▸ Activity: What appears from the first line of the data below through the line containing "Red leather wallet", both included, should be copied exactly, and nothing else.

........

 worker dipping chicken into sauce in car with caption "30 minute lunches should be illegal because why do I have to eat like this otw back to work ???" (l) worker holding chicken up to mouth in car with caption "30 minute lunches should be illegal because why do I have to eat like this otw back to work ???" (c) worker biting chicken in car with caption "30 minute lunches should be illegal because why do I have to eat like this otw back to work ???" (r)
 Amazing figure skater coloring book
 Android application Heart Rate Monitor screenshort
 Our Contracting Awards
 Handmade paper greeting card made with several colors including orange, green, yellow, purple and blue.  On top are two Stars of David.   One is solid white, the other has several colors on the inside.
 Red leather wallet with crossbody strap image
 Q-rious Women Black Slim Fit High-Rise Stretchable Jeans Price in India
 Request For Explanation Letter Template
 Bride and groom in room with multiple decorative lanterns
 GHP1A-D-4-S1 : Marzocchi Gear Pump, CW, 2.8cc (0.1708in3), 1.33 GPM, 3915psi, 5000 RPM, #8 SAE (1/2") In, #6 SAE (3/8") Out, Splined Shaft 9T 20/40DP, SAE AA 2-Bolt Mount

........

▸ Solution below:
 worker dipping chicken into sauce in car with caption "30 minute lunches should be illegal because why do I have to eat like this otw back to work ???" (l) worker holding chicken up to mouth in car with caption "30 minute lunches should be illegal because why do I have to eat like this otw back to work ???" (c) worker biting chicken in car with caption "30 minute lunches should be illegal because why do I have to eat like this otw back to work ???" (r)
 Amazing figure skater coloring book
 Android application Heart Rate Monitor screenshort
 Our Contracting Awards
 Handmade paper greeting card made with several colors including orange, green, yellow, purple and blue.  On top are two Stars of David.   One is solid white, the other has several colors on the inside.
 Red leather wallet with crossbody strap image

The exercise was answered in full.